没有固定的规律,却每一次都能精准落在士兵最为密集的地方。
“轰隆——轰隆——”
沉闷的炮响此起彼伏,不绝于耳,每一枚铁弹落下,都会引发剧烈的爆炸,耀眼的火光瞬间照亮昏暗的谷道。
巨大的冲击波将周围的匈奴士兵与战马狠狠掀飞,锋利的铁片四处飞溅。
所过之处,无论是匈奴士兵身上的铠甲,还是战马的皮毛,都被轻易刺穿、撕裂。
硝烟依旧弥漫,巨响依旧激荡,匈奴士兵的尸体碎片越来越多,人心也越来越崩溃。
火炮的持续轰击,不仅在不断收割着匈奴士兵的性命,更在一点点摧毁着他们最后的心理防线。
此刻的匈奴大军,已然陷入了真正的绝境。
前有谷内秦军步步紧逼、利刃加身。
后有谷外秦军严密封堵、弩箭待命。
头顶有火炮疯狂轰击、随时索命。
狭窄的谷道如同一条致命的囚笼,将他们死死困住,进退维谷,上天无路,入地无门。
谷道内,尸体堆积如山,鲜血汇成了蜿蜒的血溪,顺着谷道缓缓流淌,粘稠的血液黏腻不堪。

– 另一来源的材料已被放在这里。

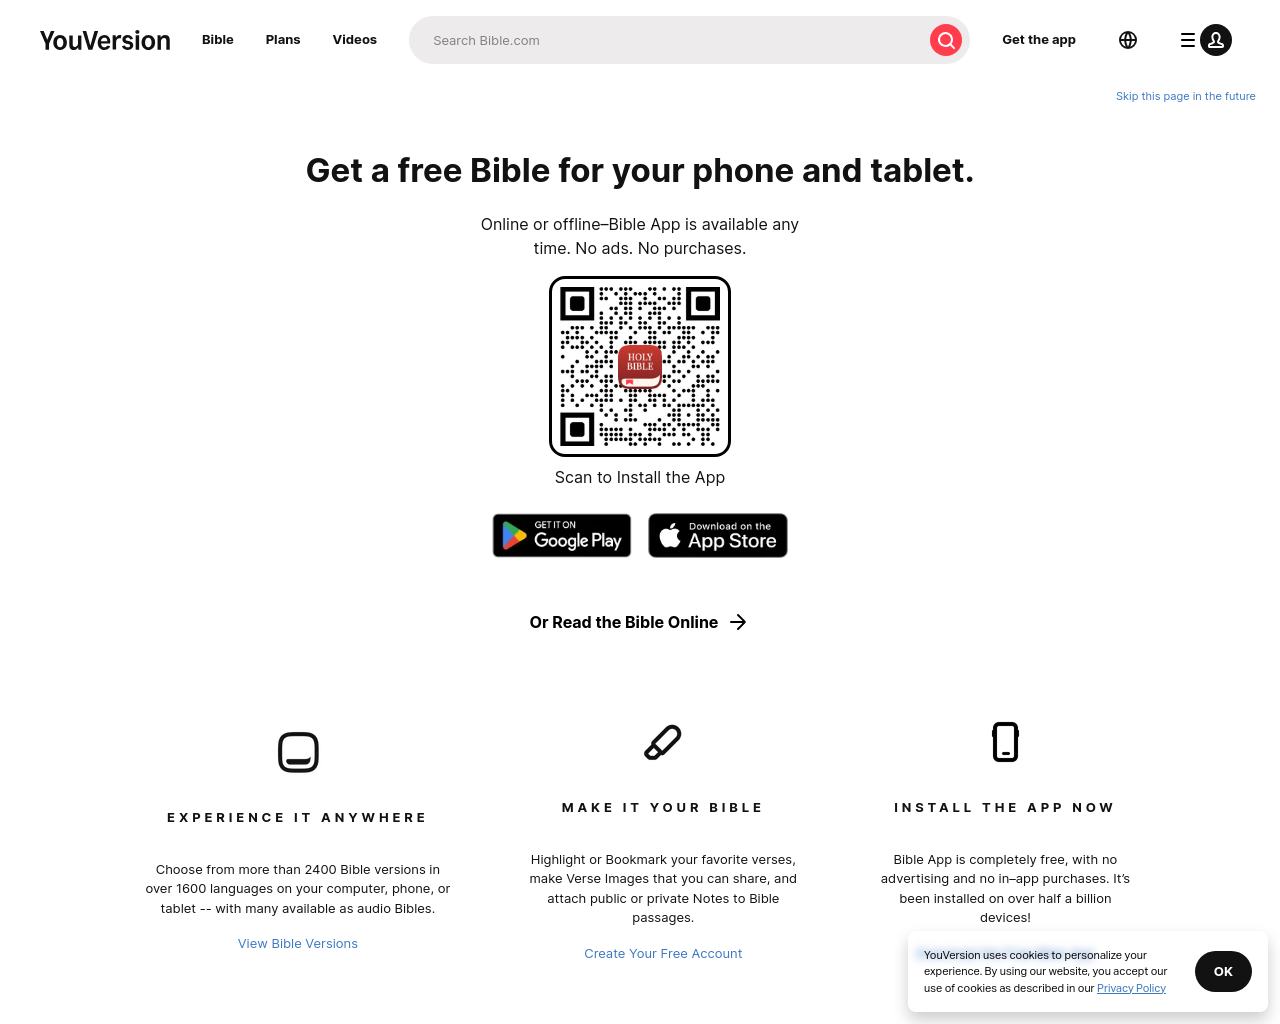 bible.com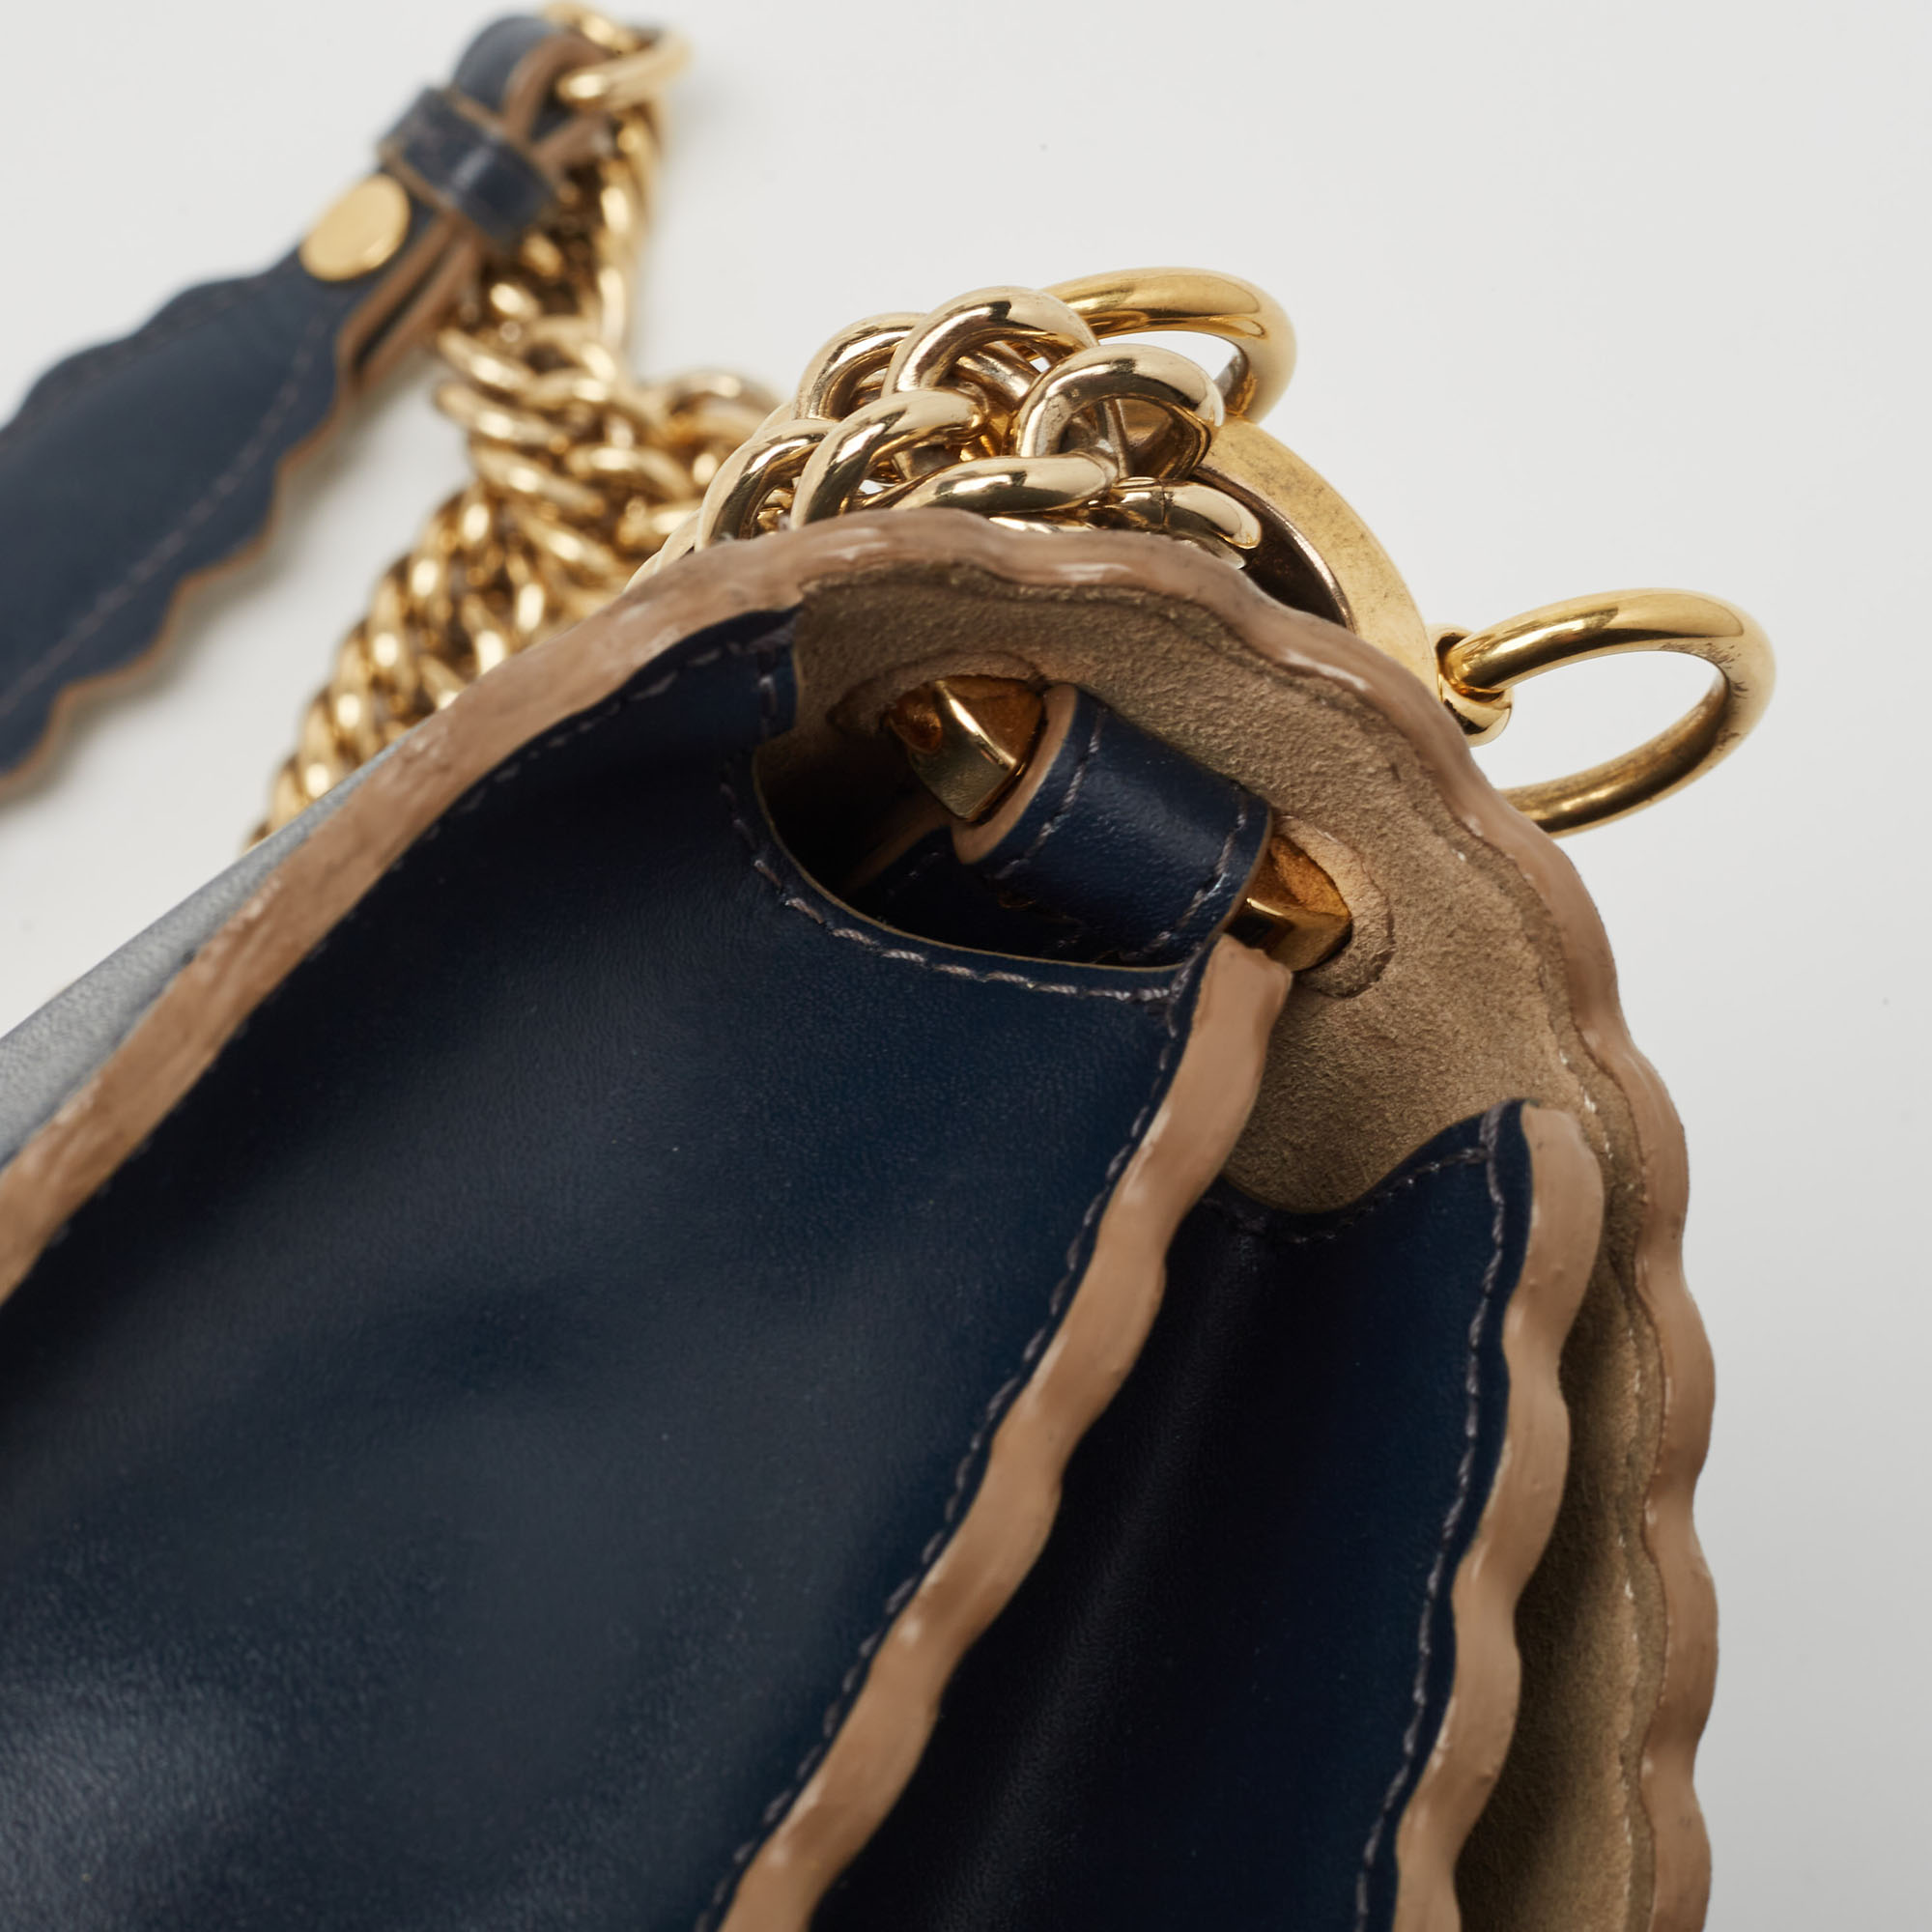 Fendi Navy Blue Leather Mini Scalloped Kan I Shoulder Bag

不少匈奴士兵慌乱中落马,便摔倒在血溪之中,瞬间被后续逃窜的士兵与战马踏成肉泥。
浓烟依旧在谷道中弥漫,呛得人无法呼吸,视线模糊,只能看到眼前一片灰蒙蒙的景象,听到周围此起彼伏的绝望声响,感受着死亡一步步逼近的窒息感。
绝望之中,总有少数人不甘就此覆灭。
一名匈奴百夫长,浑身沾满了鲜血与尘土,手臂被飞溅的铁片划伤,伤口狰狞可怖,鲜血不停流淌。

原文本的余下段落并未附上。